FIRST PERSON - Alex Magno - The Philippine Star

Expect dramatic changes in the community quarantine arrangements after May 31.

The IATF is now finally talking about shifting to tightly focused, neighborhood based lockdowns wherever any sign of renewed outbreaks happen. We now have adequate testing capacity and enough isolation facilities to make that possible. Without the testing capacity and the isolation facilities, we had no other choice than use the blunt instrument of a general quarantine to check the spread of the pandemic.

When China put Wuhan, with its population of 11 million people, under lockdown, we thought they were embarking on something impossible to do. Days later, Beijing included the entire province of Hubei in the lockdown order. That was even more incredible. But they got it done and, for weeks, kept new infections to zero.

When May 31 comes around, we would have kept the entire 12 million population of Metro Manila in some form of lockdown for longer than Wuhan was shut down. We actually accomplished a bigger feat: for weeks, we kept the entire island of Luzon under lockdown.

But we failed to dramatically bring down infections as they did in the case of Wuhan. We might have flattened the curve but no one will accuse us of crushing it – unless, of course, we buy into Secretary Duque’s theory that a first wave did happen with the three cases followed by a couple of weeks of zero infections.

That theory, however, has been mocked to the heavens. With zero testing capacity at that time, we had no way of tracking the spread of infections. Beyond the reach of testing, the virus was quietly spreading.

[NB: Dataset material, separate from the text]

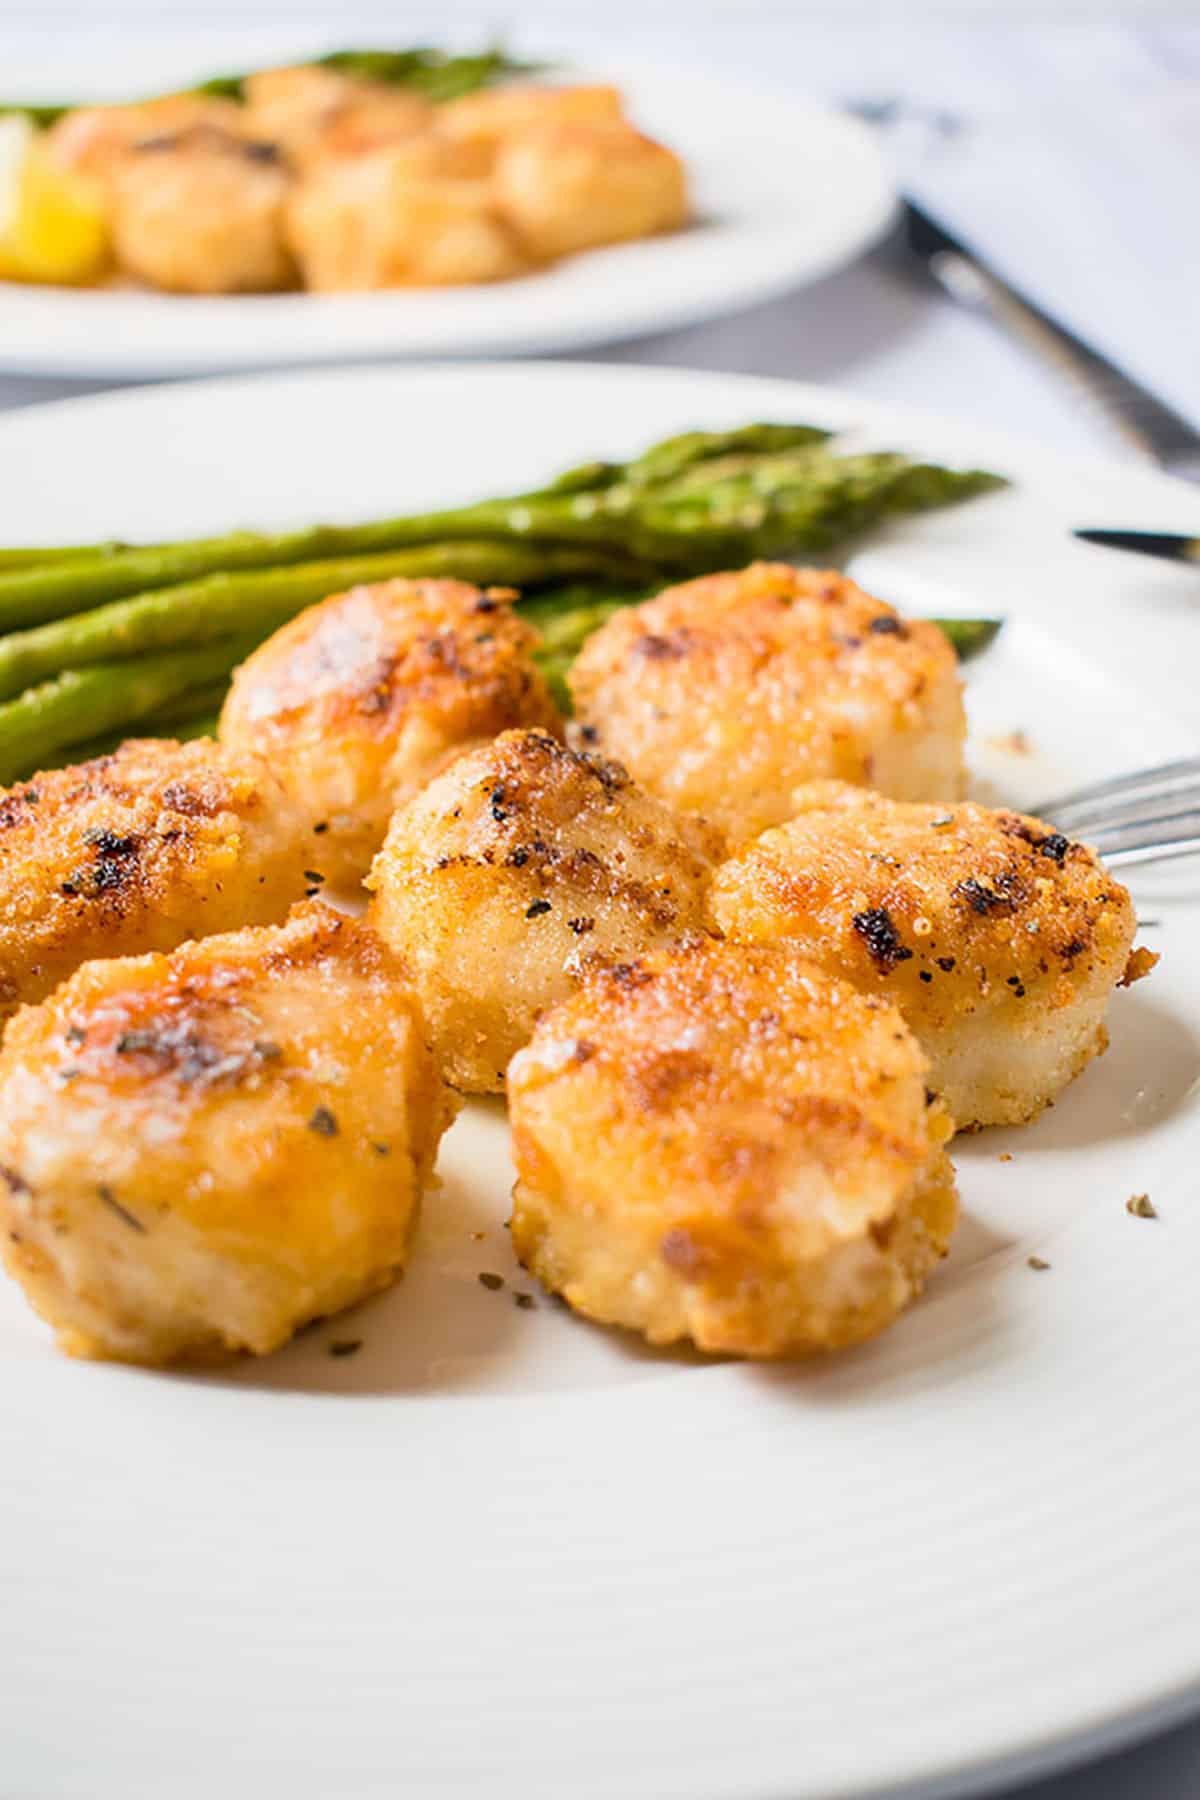 How to Meal Plan Photo - Broiled Scallops with Parmesan Bread Crumbs - Our favorite seafood dish! #scallops #seafood #broiledscallops #breadedscallops

If we had not crushed the curve with ten weeks of community quarantine, we never will. For lack of resources or the genius required to quash the epidemic, the virus will be with us for a very long time.

We cannot afford to continue with this business of community quarantines for much longer. It is a sledgehammer drawn to smash a virus. It does play to what is perhaps our only advantage in this game: a surfeit of political will.

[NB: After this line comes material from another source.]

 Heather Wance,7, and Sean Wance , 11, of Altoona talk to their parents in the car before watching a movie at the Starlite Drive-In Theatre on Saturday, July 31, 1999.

The longer community quarantines are maintained, the more irrecoverable our economy becomes. No state in history has been able to feed its people out of its pockets indefinitely.

In our case, state resources are exhausted. A vicious cycle has crept in: with the economy in suspension, government can raise no revenues. Without revenues, government cannot afford to subsidize its citizens.

Having exhausted state coffers, we now court a greater risk: we simply cannot afford a big second wave of infections. We do not have the hospital beds and the medical resources required to meet it. We do not have the war chest to impose a second round of lockdowns.

Davao mayor Sara Duterte said it best as her city transitioned to “general community quarantine.” She warned her people to either obey health protocols or prepare the P2 million required for hospitalizing Covid-19 cases.  

In a word, pass more responsibility to individuals to play their roles in containing infections.

Broadband

We can only cry over spilt milk.

Our response to this pandemic might have been a hundred times more effective if we had developed a national identification system 25 years ago and built a government broadband system 15 years ago.

The national ID system would have made it easier for government to track its population, download subsidies digitally and accurately anticipate the health needs of citizens. The national broadband would have been very useful in preparing us for a post-pandemic world: enabling our public school system to quickly adapt to new methods of instruction, making possible work-from-home arrangements for the public sector and detailed coordination of the work of local governments.

Alas, we have neither. We do not have the means to deliver daily schoolwork for the millions of students now forced out of classrooms. The social amelioration program had to be executed by delivering tons of cash to local governments and then handing the money out to beneficiaries who line up for hours despite distancing protocols.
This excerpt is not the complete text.